The output of the redundant loop PROM 31 addresses a "chip select register" 35 and a redundant loop detector 33.

If, after a transfer of minor loops has taken place, the redundant loop PROM 31 indicates that one (or more) of the bubble devices 6 has a redundant loop, the parallel driving of the bubble modules 10 to 18 is stopped and the respective bubble device(s) 6 is further rotated under control of the redundant loop detector 33 and the chip select register 35 until no further redundant minor loops are indicated by the redundant loop register 32.

Claims (7)

1. A data memory comprising n electrically alterable storage devices each arranged to store data bits in a sequential manner, means to step digit values held in said n storage devices in a sequential manner and in parallel with each other, output means arranged to read out the respective outputs of said n electrically-alterable storage devices as an n bit data word, a further storage device arranged to store data indicating in respect of each address to which the data memory is stepped which, if any, of the n electrically alterable storage devices has stepped to an unusable or malfunctioning segment, and stepping means arranged to step selected ones of the n storage devices independently of the other storage devices in response to the data held in said further storage device so as to avoid unusable or malfunctioning segments.
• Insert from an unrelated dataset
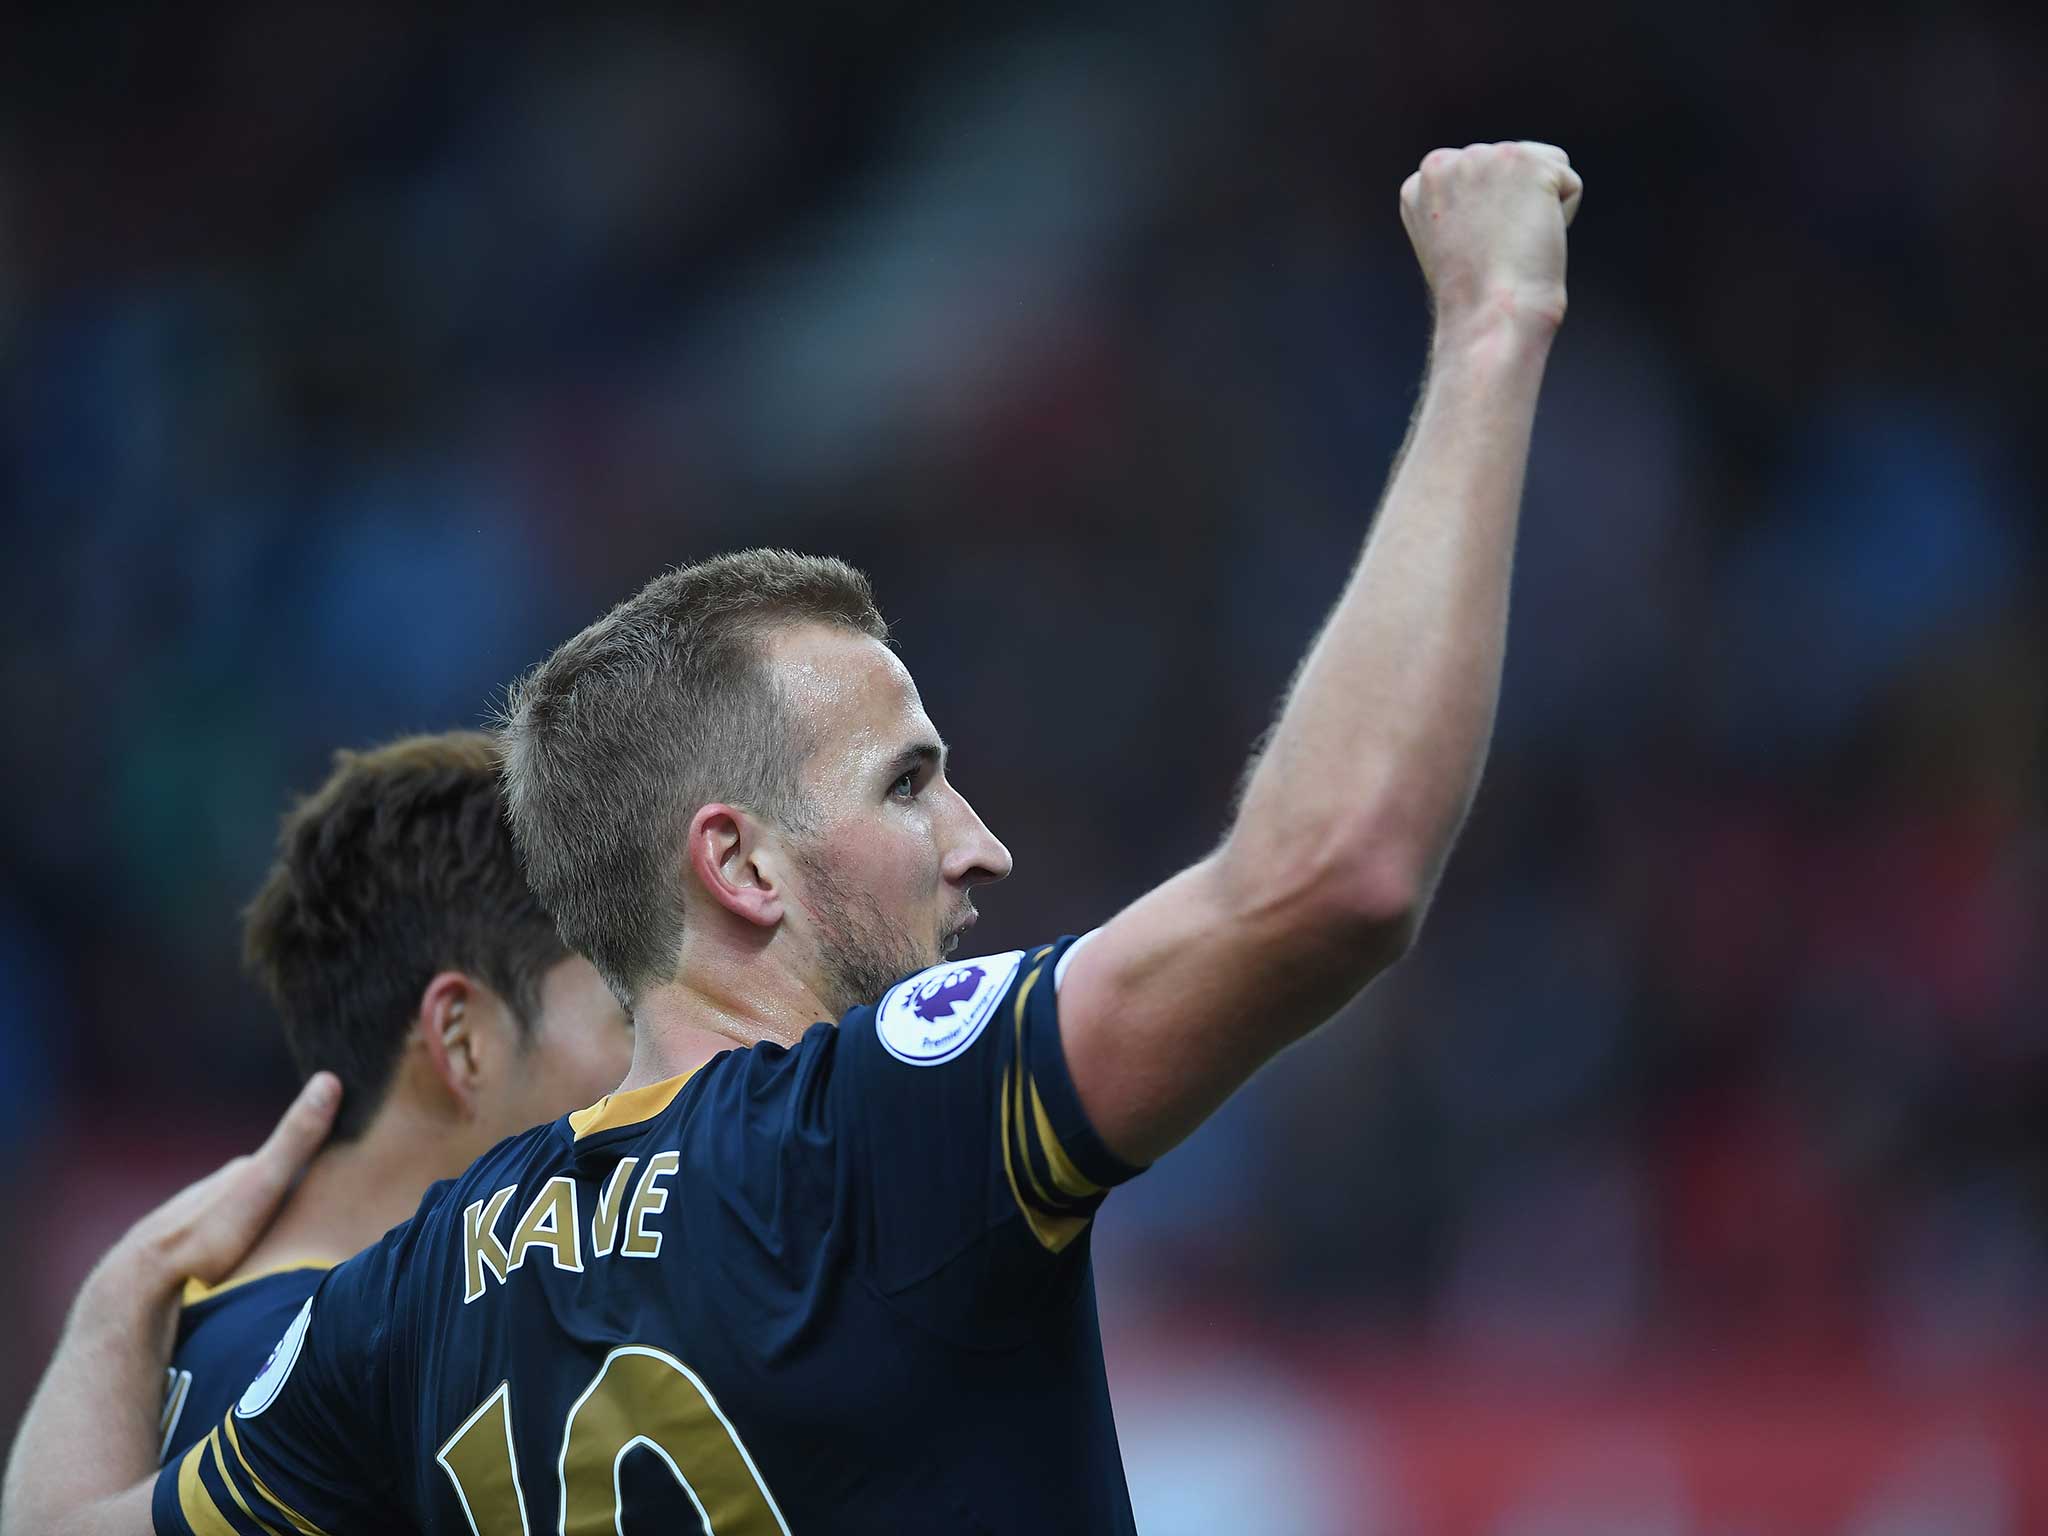 Harry Kane scored his first goal of the season at Stoke

2. A data memory as claimed in claim 1 wherein each of then storage devices is a bubble memory in which the data bits are stored as magnetic domains in an addressable loop configuration.

3. A data memory as claimed in claim 2 wherein the stepping means is arranged to cause selected ones of the n storage devices to step over a complete respective storage loop.

4. A data memory as claimed in claim 2 or claim 3 wherein the stepping means is arranged to operate only at respective addresses of the data memory at which a change of respective storage loops of the bubble memories is required.

5. A data memory as claimed in any preceding claim wherein at least one storage device is arranged to store a respective parity bit for each data word read by the output means and parity checking means is arranged to provide an indication of the validity of the output data.

6. A data memory as claimed in any preceding claim wherein said further storage device is a programmable-read-only-memory.

7. A data memory substantially as hereinbefore described with reference to the accompanying drawing.